How did i find out? Well bg told me :-)
ice:~/tera>strings ls_servd|grep unzip /bin/unzip -P %s %s/%s -d %s > /dev/null 2>&1
I had some hope that the password is actually contained in this binary somehow.
However, a brief interlude with a zipcracker and the full result of the "strings" output doesn't find a match, but maybe we just need to dig a little bit deeper...
The %s indicates this is a call to sprintf(3), so we need to check the third parameter of this sprintf call.
How about disassembling the thing?
- We need a disassembler.
"objdump" usually does the trick...
ice:~/tera>objdump -d ls_servd /usr/libexec/elf/objdump: ls_servd: File format not recognized
Huh? Why this?
ice:~/tera>file ls_servd ls_servd: ELF 32-bit MSB executable, PowerPC or cisco 4500, version 1 (SYSV), \ for GNU/Linux 2.4.17, dynamically linked (uses shared libs), stripped
Oh, of course. Its a PPC binary, not an x86 binary.
- We need an PowerPC disassembler.
Some googling later, I now have an (linux) ppc-cross-objdump binary.
ice:~/tera>./ppc-linux-objdump -s -d ls_servd >DUMP ice:~/tera>vim DUMP
Good. We have the code, and an hexdump in there. But now we have two more problems
Understanding the code.
- I have no PPC assembler knowledge.
Well, I know 6510 asm and some x86 asm, which helps with the general mindset, but the details of PPC are a mystery to me.
Nothing, a quick google couldn't fix. A PPC asm reference can be found here:
http://www-aix.informatik.uni-tuebingen.de/doc_link/en_US/a_doc_lib/aixassem/alangref/toc.htm
If you want to look up some mnemonics, be sure to also check "Chapter 6: Extended mnemonics" if you don't find your mnemonic.
- The file is big.
We now have about 8k lines assembler code. Where to start?

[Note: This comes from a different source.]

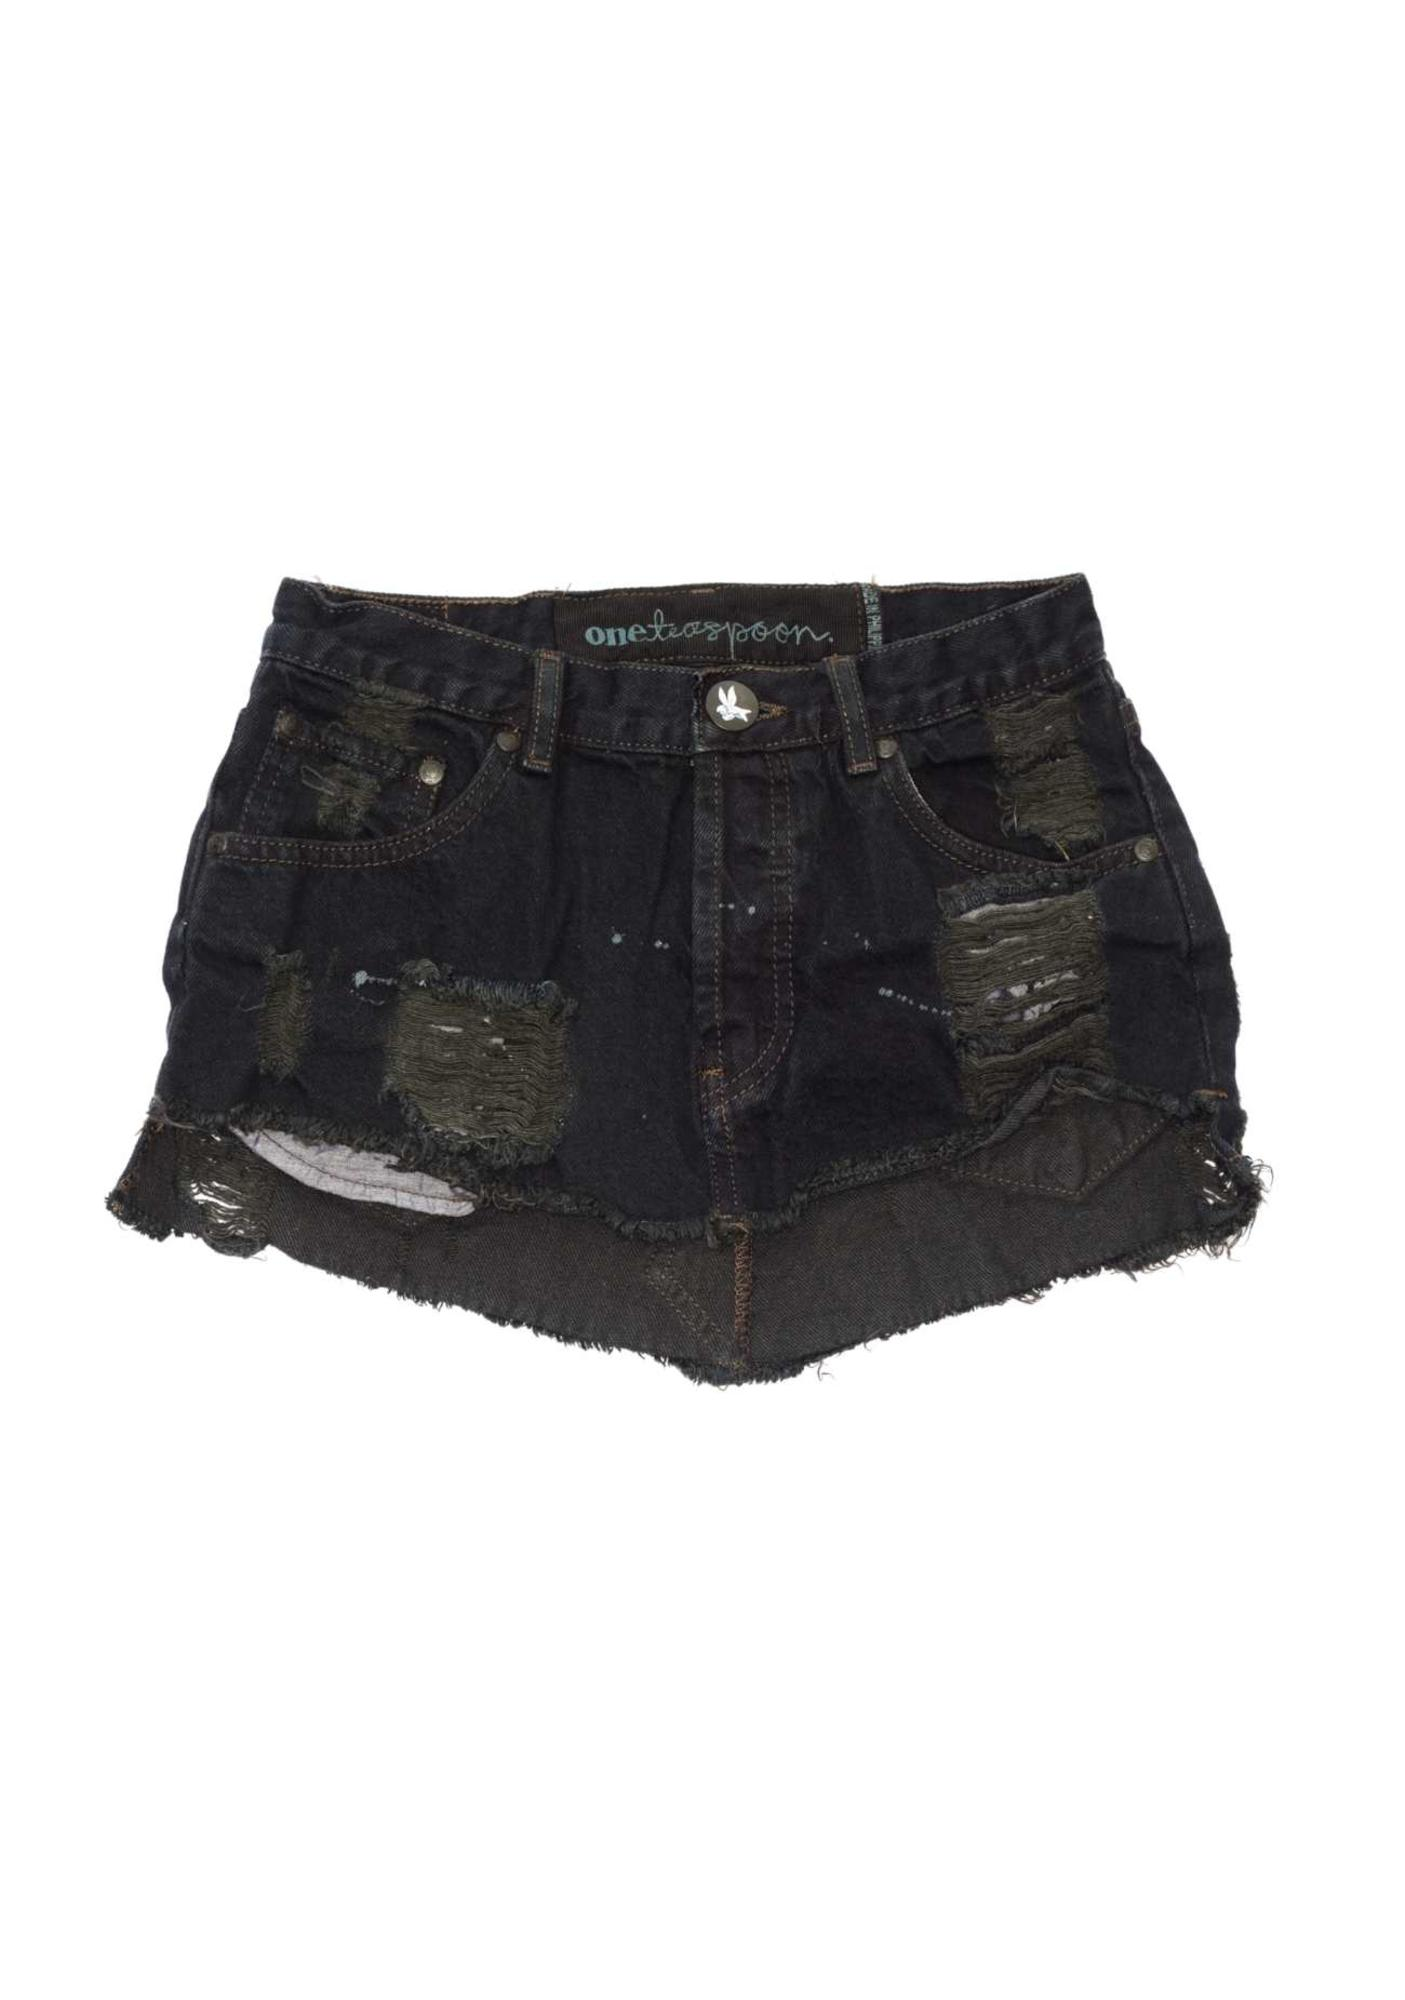 e Teaspoon Junkyard Mini Skirt

The only "plaintext" part of the listing are the system calls.
10002fec: 48 01 a2 59 bl 1001d244 <wait3@plt>
Objdump nicely annotated them for us. Hey, thanks :)
Parameter passing.
From strings, we know that "/usr/bin/unzip" is being called, that is usually done by using the system(3) system call. Lets check for that. ls_servd uses a lot of system(3) calls, this is the first one:
10005dec: 3c 60 10 01 lis r3,4097 10005df0: 38 63 b6 44 addi r3,r3,-18876 10005df4: 48 01 72 01 bl 1001cff4 <system@plt>
system(3) only takes one argument, so we can assume that r3 is that argument. Lets see what it is:
The first line fills the upper 16 bits of r3 with 4097 (hex 1001), resulting in r3=0x10010000 - the second line substracts 18876, resulting in r4=0x1000B644
We can now go and look that up in the hexdump part of the objdump output:
1000b638 613d3078 25303258 0d0a0000 2f736269 a=0x%02X..../sbi 1000b648 6e2f7265 626f6f74 00000000 6c69626c n/reboot....libl
Which makes the whole thing a call to /sbin/reboot. Yay!
Finding the right place
We could now go, and look up all parameters to system, to find the correct one, but we can also do it the other way round:
1000c478 25303878 0a000000 2f62696e 2f756e7a %08x..../bin/unz 1000c488 6970202d 50202573 2025732f 2573202d ip -P %s %s/%s - 1000c498 64202573 203e202f 6465762f 6e756c6c d %s > /dev/null
okay, the string starts at 0x1000C480 which makes the difference to 0x10010000 = 15232
Only two places refer to that string. The fist one looks like this:
10008c30: 48 00 01 89 bl 10008db8 <_init+0x5f70> 10008c34: 7f 48 d3 78 mr r8,r26 10008c38: 7c 65 1b 78 mr r5,r3 10008c3c: 38 9e c4 80 addi r4,r30,-15232 # unzip -p %s %s/%s -d %s 10008c40: 7f 46 d3 78 mr r6,r26 10008c44: 38 f8 c3 c4 addi r7,r24,-15420 # image.zip 10008c48: 38 61 00 08 addi r3,r1,8 10008c4c: 4c c6 31 82 crclr 4*cr1+eq 10008c50: 48 01 46 4d bl 1001d29c <sprintf@plt> 10008c54: 38 61 00 08 addi r3,r1,8 10008c58: 3b ff 00 01 addi r31,r31,1 10008c5c: 48 01 43 99 bl 1001cff4 <system@plt>
Yay, an sprintf(3) followoed by an system(). The system call parameters are numbered from r3 upwards, so the third parameter to the sprintf is r5, which is copied from r3 a few lines above. It looks like r3 might be the return value of the omnious subroutine at 0x10008db8.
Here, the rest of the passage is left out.